Most career wild pitches thrown – 343 
Set by Tony Mullane, who pitched from 1881 to 1894. Mullane pitched through a staggering 4531.1 innings (24th all-time) throwing a total of 343 wild pitches and averaged an errant pitch in 7.56% of those innings. Nolan Ryan is second on the list of most wild pitches with 277. The active leader in wild pitches is Trevor Cahill with 100, less than one-third of Mullane's total. With modern pitchers throwing wild pitches less frequently, on top of pitching fewer innings, this record is safely unbreakable.

Batting

Most career hits – 4,256 
Set by Pete Rose, 1963–86. No active major league player is at this time considered to be close to breaking Rose's mark. Following the retirement of Albert Pujols (3,384) at the end of the 2022 season, the only active player with 3,000 hits is the -year-old Miguel Cabrera with 3,088. To get within 6 hits of tying Rose, a player would have to collect 250 hits for 17 straight seasons, or more than 200 hits over the course of 21 seasons. In the past 81 years, only Ichiro Suzuki, whose first season in Major League Baseball was his tenth in the top professional ranks, following nine years in his native Japan, has topped 250 hits in a season (with 262 hits in 2004). Ichiro ended his playing career with 3,089 MLB hits and 1,278 hits in the Japanese major leagues (averaging just 106 games and 142 hits a year in much shorter Japanese seasons) for a combined, unofficial total of 4,367, 111 more than Rose's record; however, Ichiro's hits from Japan's major leagues are not counted toward his MLB total. At the end of the 2022 season, Cabrera had 3,088 hits after 20 seasons; he would have to average 195 hits over 6 additional seasons to break the record. No player younger than Cabrera was within 400 hits of his career total at the end of the 2022 season, and among players no older than 30 at that time, only Manny Machado and Xander Bogaerts had even 1,400 career hits (1,597 and 1,410 respectively).

Most career plate appearances – 15,890 
Also set by Rose. MLB.com writer Matt Kelly noted in a 2023 story on records he saw as unbreakable that it was difficult to "imagine any player not only equaling Rose's 24 big league seasons, but also maintaining the excellence required to average 662 plate appearances per season as the Hit King did." Kelly added that Pujols had just ended his 22-season MLB career more than 2,800 plate appearances behind Rose.

Most career total bases – 6,856 
Set by Hank Aaron, 1954–1976. His total is more than 600 greater than second-place Pujols (6,211), and the active leader, Cabrera (5,250 entering the 2023 season), is more than 900 behind Pujols. Entering the 2023 season, the leader among players under 30 is Machado with 2,794, barely over 40% of Aaron's record.

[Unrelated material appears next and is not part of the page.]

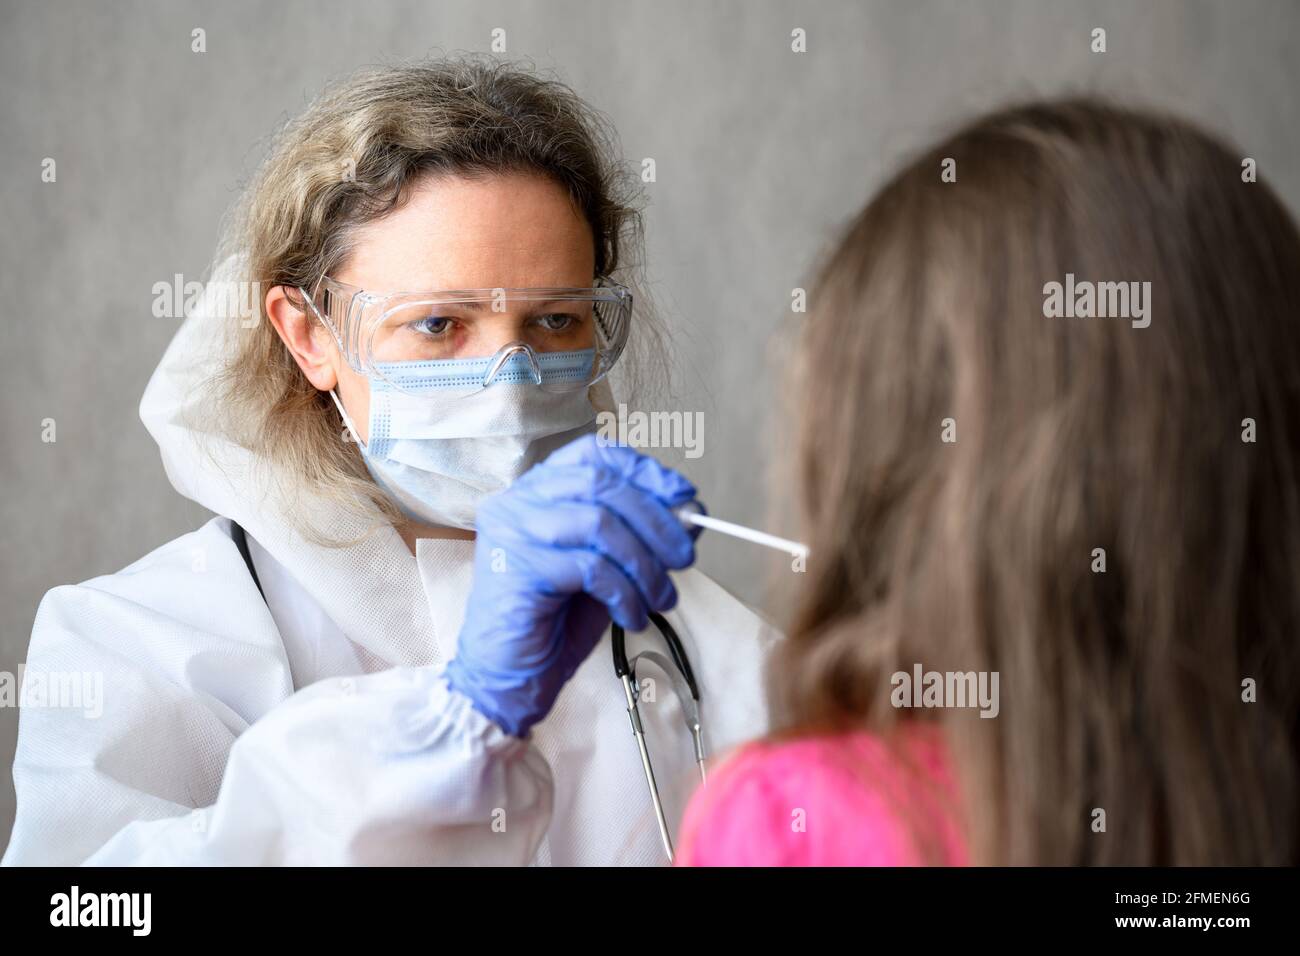 COVID-19-Test in der Klinik hält der Arzt einen Tupfer für Schleimproben aus der Nase oder dem Mund des Kindes. Porträt des Kinderarztes, der während des Corona-Virus mit dem Kind arbeitet Stockfoto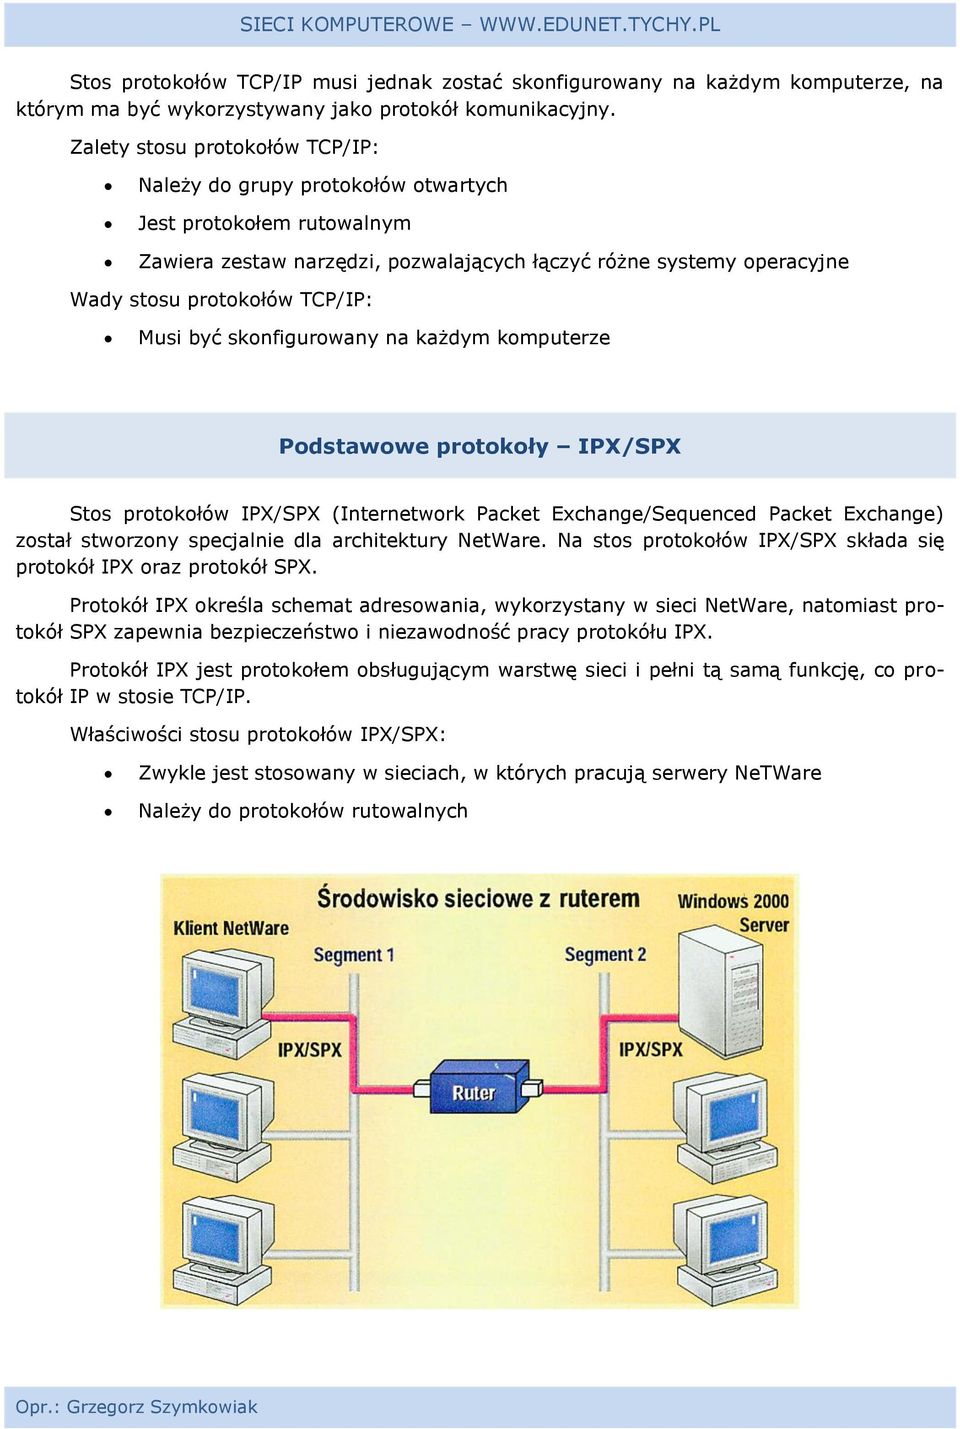 Musi być skonfigurowany na każdym komputerze Podstawowe protokoły IPX/SPX Stos protokołów IPX/SPX (Internetwork Packet Exchange/Sequenced Packet Exchange) został stworzony specjalnie dla architektury

Most hits in a season – 262

Set by Ichiro Suzuki in 2004, breaking a record that had been set in 1920 by George Sisler (257). Writing in 2019, the aforementioned Miller argued that this relatively young record was nonetheless unlikely to be broken. He noted that the only active player who had collected more than 225 hits in any season was Ichiro himself, who had done so three times. The next-highest total since 2000 was 240 hits by Darin Erstad in 2000.

Miller wrote that in today's game, "few elite hitters are as walk-averse as Ichiro was permitted to be", which he argued would keep other players from approaching the record. The MLB leader in at-bats in 2018 was Trea Turner with 664; a player with that number of at-bats would have to hit .396 to reach 263 hits—a batting average that Miller had argued in 2018 was unapproachable in the modern game. He added,The outer limit for at-bats – say, a leadoff hitter for a high-scoring team who plays every game and has a 10th-percentile walk rate – is perhaps 725, nine higher than the all-time record. And even the 725-AB guy would need to hit .363, a mark not met by any hitter in this decade.

The aforementioned Matt Kelly added that Ichiro had 704 at-bats in the 2004 season, making him only one of four players with more than 700 at-bats in a season. Kelly added, "So to break this record, you'd have to hit .373 and log more than 700 ABs. Good luck."

Most consecutive seasons with 200 hits – 10 
Set by Ichiro Suzuki, from 2001 to 2010. The closest player is Willie Keeler, who had eight consecutive seasons with 200 hits almost a century earlier, in the dead-ball era. No players at all had 200 hits in 2013, 2018, or in any season in the 2020s, and in 2019, only Whit Merrifield and Rafael Devers did so.

Most career doubles – 792 
Set by Tris Speaker, 1907–1928. Highlights include: five 50-double seasons, ten 40-double seasons, and leading the league in doubles eight times. The next closest player is Pete Rose, who has 46 fewer doubles at 746. Among hitters whose entire careers were in the live-ball era, the leader in career doubles is the aforementioned Rose.

For a player to threaten Speaker's record, he would have to average 39 doubles over 20 seasons just to get to 780, or 40 doubles in 20 seasons to break the record. Between 2010 and 2019 the Major League leader in doubles finished each year with an average of 51, with José Ramírez setting a decade-high of 56 doubles during the 2016 season. However, players tend to hit less doubles as they age, thus making difficult for most players to keep hitting doubles consistently for long enough to challenge the record. Following the retirement of Albert Pujols, who ended his career in 2022 with 686 (a record for a right-handed hitter), the only active player with at least 600 career doubles is Miguel Cabrera, and the only other active player with at least 500 is Robinson Canó, both of whom are in the twilight of their careers. The active player with most career doubles younger than 30 is Manny Machado with 312, with Xander Bogaerts (308) and Mookie Betts (307) closely following. All three would need to average at least 48 doubles over the next 10 seasons to threaten the record.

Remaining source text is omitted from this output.